# Silencing the beast



## larssmith (Dec 26, 2002)

So I've had my hughes dvr2 for about 5 years now and I had originally upgraded to a Western Digital WD1200JB. I'd been using the WD800JB in my Shuttle and I'd been impressed with how quiet it was, so I got the same model for my tivo. 

All was fine for about 3 years, but then I'd been noticing that the noise from the tivo was much louder than it originally was. The noise had a fairly high-pitched whine too it and was loud enough that if I had guests crashing on the couch, I'd have to unplug the tivo so that it wouldn't bother then all night long. This would really suck if I forgot the plug it in the next morning and I've missed a few shows this way  

Silly me, I figured it was the fan so I went and found what was supposedly a super-quiet panaflo fan to replace what I figured was the culprit. After swapping the fans I noticed (1) the original fan in there was the same as what I was replacing it with -- a nice panaflo -- and (2) due to some variance in manufacturing, the original fan was actually quieter than the new one  

But at least it became clear that the hard drive was the source. My best guess is that the constant operation had worn out the bearings somewhat. Makes me think that maybe the Seagate marketing stuff about how desktop drives aren't well suited for PVRs might not all be bull****. So to make a long story short, I replaced the Western Digital with a Seagate DB35.

While I was at it (and because I'm a little insane), I went ahead and replaced the fan screws with soft fan mounts (from Acousti Products). This was a little bit of a pain because I could get my fingers in to pull the little stub so that the flange went through the screw hole. I ended up having to take out the power supply so I could get the fan setup right.

Then I went to put it all back together and realized that part of the noise I had been attributed to the hard drive was actually the vibration from the hard drive causing resonance tivo case. Even with the DB35, I could still hear some slight humming from the vibration. With a little hunting (and props to the guys at silentpcreview), I found that a good technique for handling this was to isolate the hard drive from the case; the two common techniques being suspending the drive in slings or setting it on soft foam. Seeing that I couldn't really figure any way to set up a suspension system (I _don't_ have a machine shop to make custom mounting pieces) I went with foam.

So I bought some Sorbothane, an ultra-soft polyurethane, from McMaster-Carr (a 4" x 4" x 1/4" piece, 40 OO softness, part 8514K53). I cut 5 strips about 1/3" wide, stacked them 2 high on the end with the IDE connector and 3 high on the opposite end (which has a 1/4" cut-out at the end necessitating the higher stack). I took out the hard drive rail and set the drive directly on the mount where the rail used to attach.

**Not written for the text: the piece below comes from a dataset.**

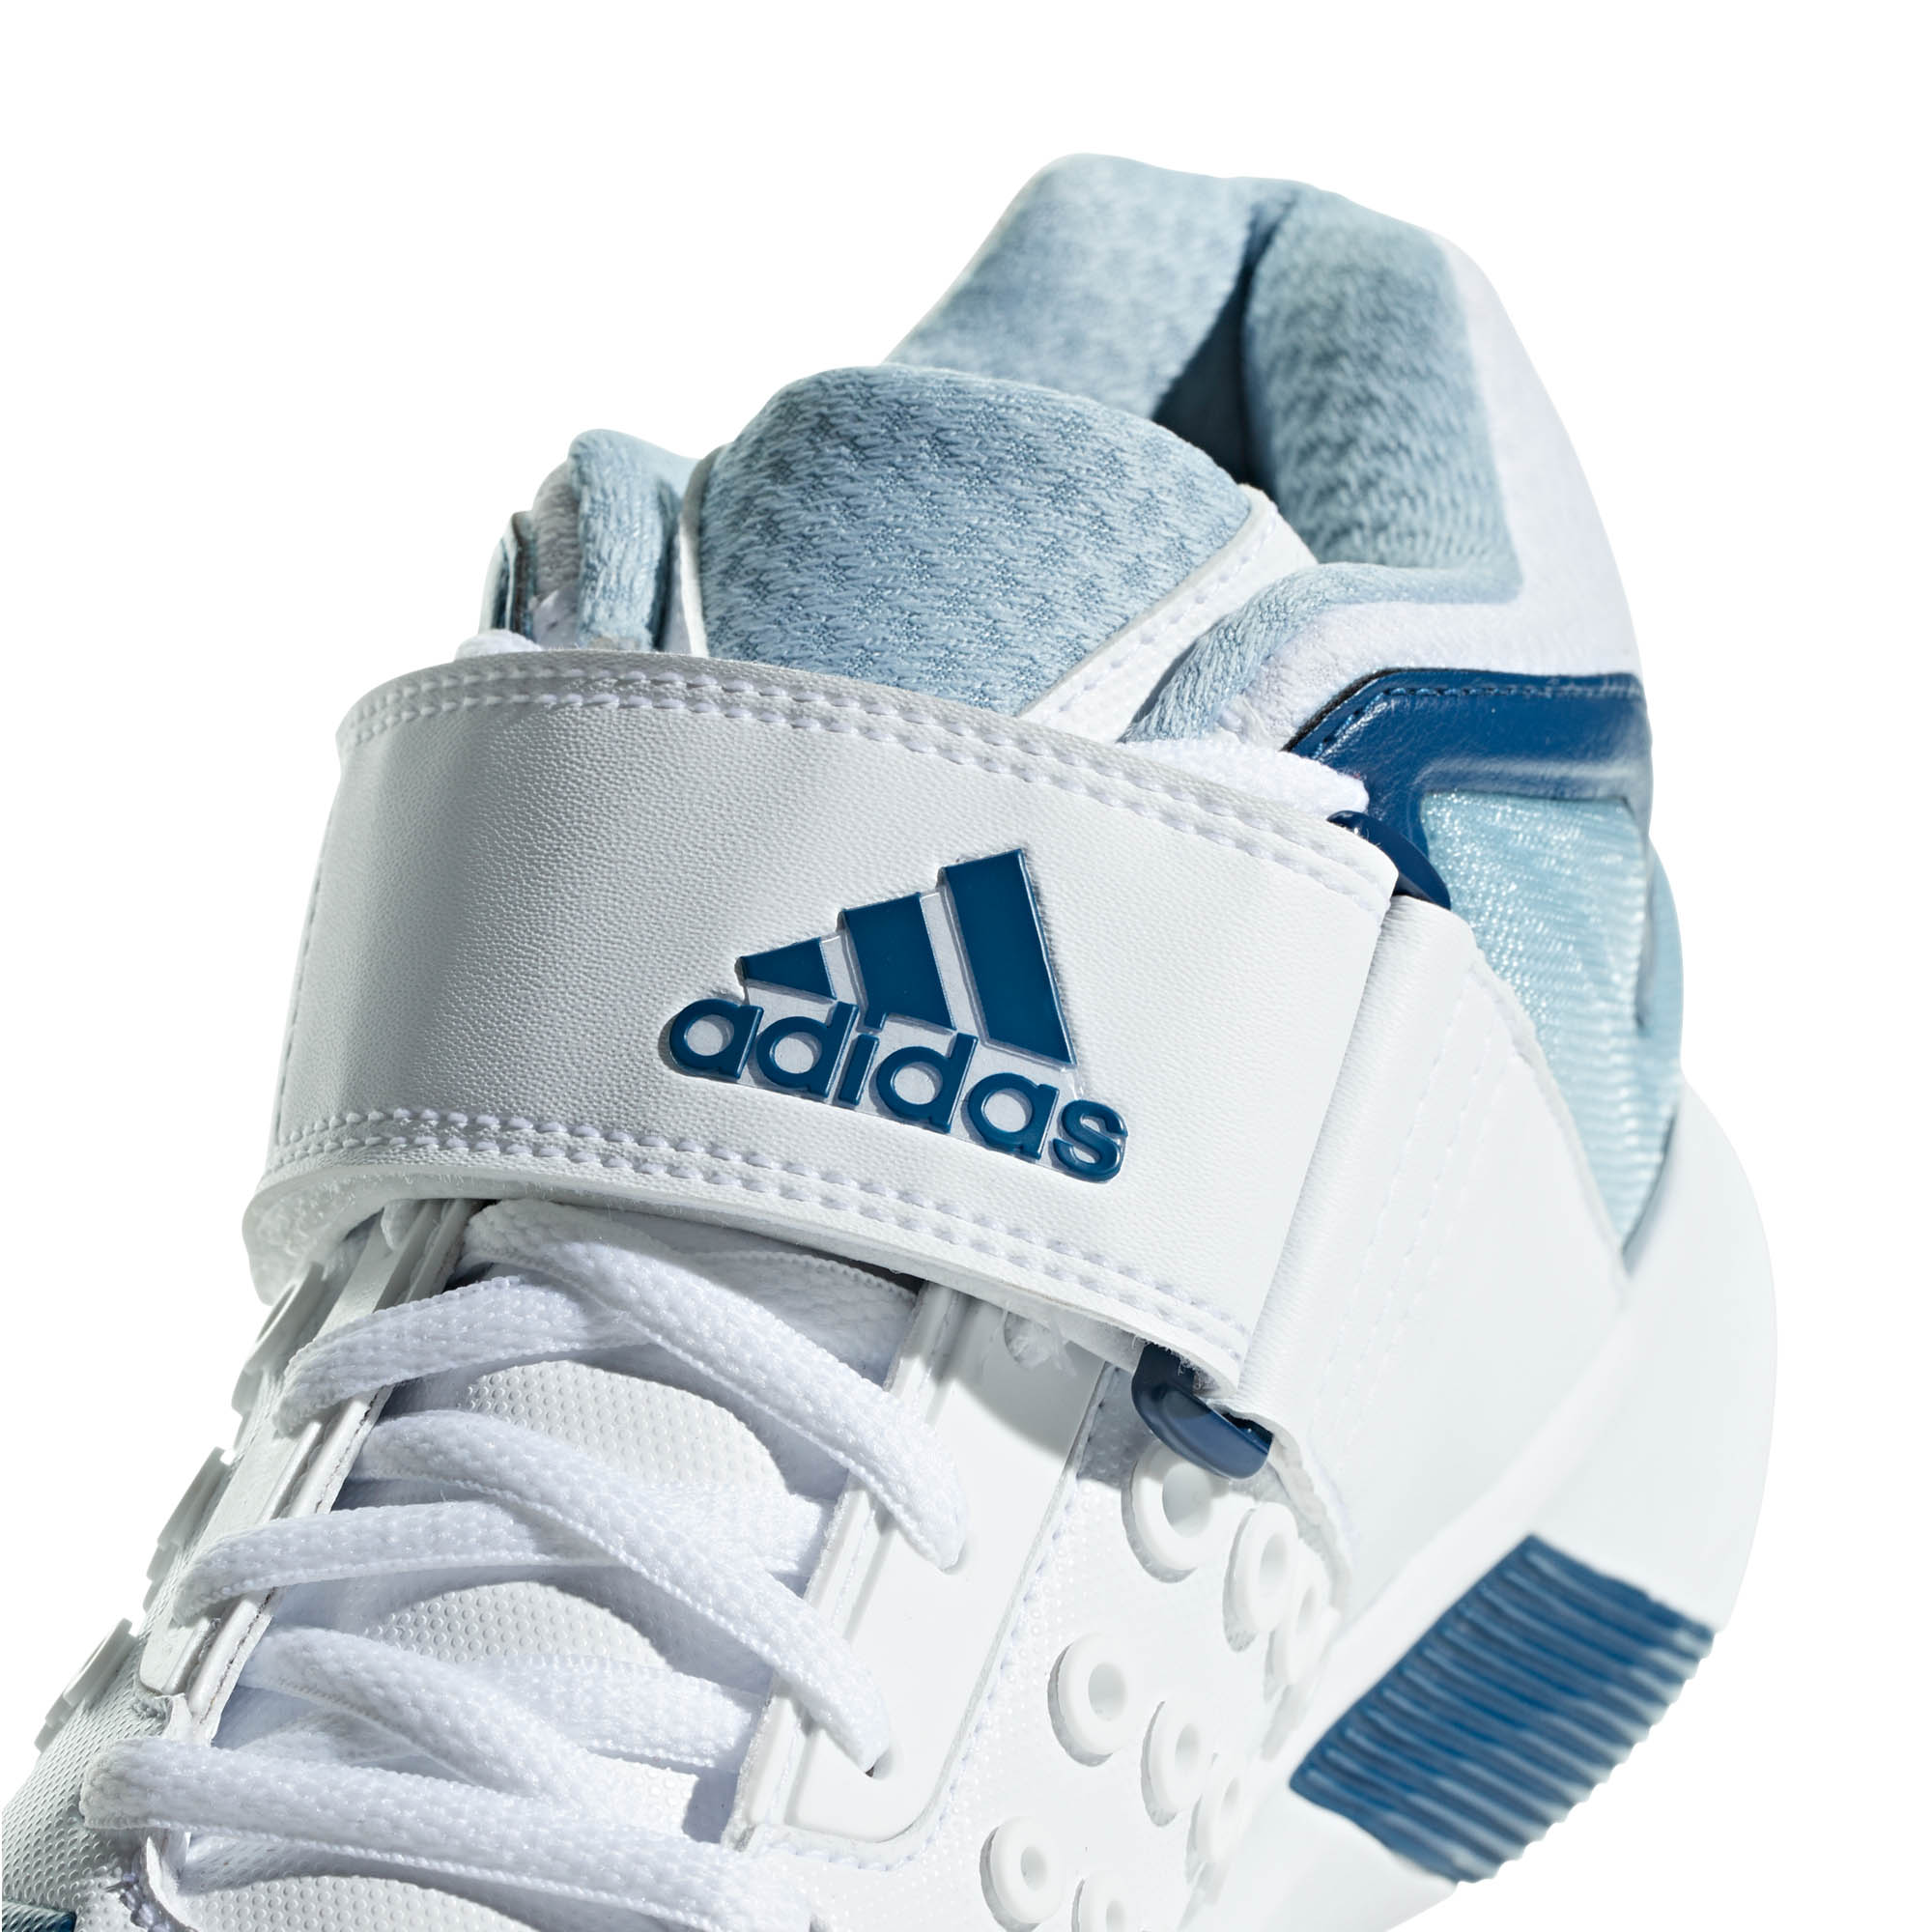 ADIDAS ADIDAS ADIDAS adiPower Vector MID da uomo adulto Cricket Trainer Spike Scarpa Bianco Blu f83d55

So far, much much better. I can still tell that the tivo is on in a silent room, but the noise is much better. I'm thinking that maybe I should try other positioning for the sorbothane or thicker stacks.

Does anyone else share this insanity and has tried to make their Tivo quieter? Anyone else try anything along these lines? Other suggestions?

Has anyone tried any acoustic dampening material? (something like the Acousti Product stuff or the Nexus DampTek -- like what you see in music rooms) Or has anyone considered some was to otherwise deaden the top part of the tivo case? Maybe some additional stiffening material...


----------



## funtoupgrade (Mar 15, 2005)

Why don't you just run it without the top?


----------



## larssmith (Dec 26, 2002)

Heh, yeah, I thought about that. A little worried about the unshielded power supply though. How dangerous is it really? What exactly do you to touch to shock yourself?


----------



## jtown (Sep 26, 2002)

The kids will probably only touch it once. Then they can tell you which part not to touch. I wouldn't really recommend it, tho, as the cover is blocking the high frequency noise generated by the drive and fan(s). You'll just hear a different kind of noise.

FWIW, you're _always_ going to hear the tivo in a silent room. It has moving parts. The only way you're going to get all the sound out of the room is to remove the tivo. Some people actually do that. Put the tivo on the other side of the wall and use an RF remote extender to control it. Punch a hole in the wall for the cables, a little box to hold the mounting plates, etc.

If you call it done and forget about it, it'll blend into the background in a few days. If you obsess over it, you'll be hearing noises forever.


----------



## technomutt (Jun 14, 2004)

The Western Digital WD1200JB is kinda old now, isn't it? and yes, they're noisy, especially the ones with the silver case and the label that isn't curved (manufacture date 2002 or 2003). I've noticed the newer WD caviar drives in the black cases are quieter.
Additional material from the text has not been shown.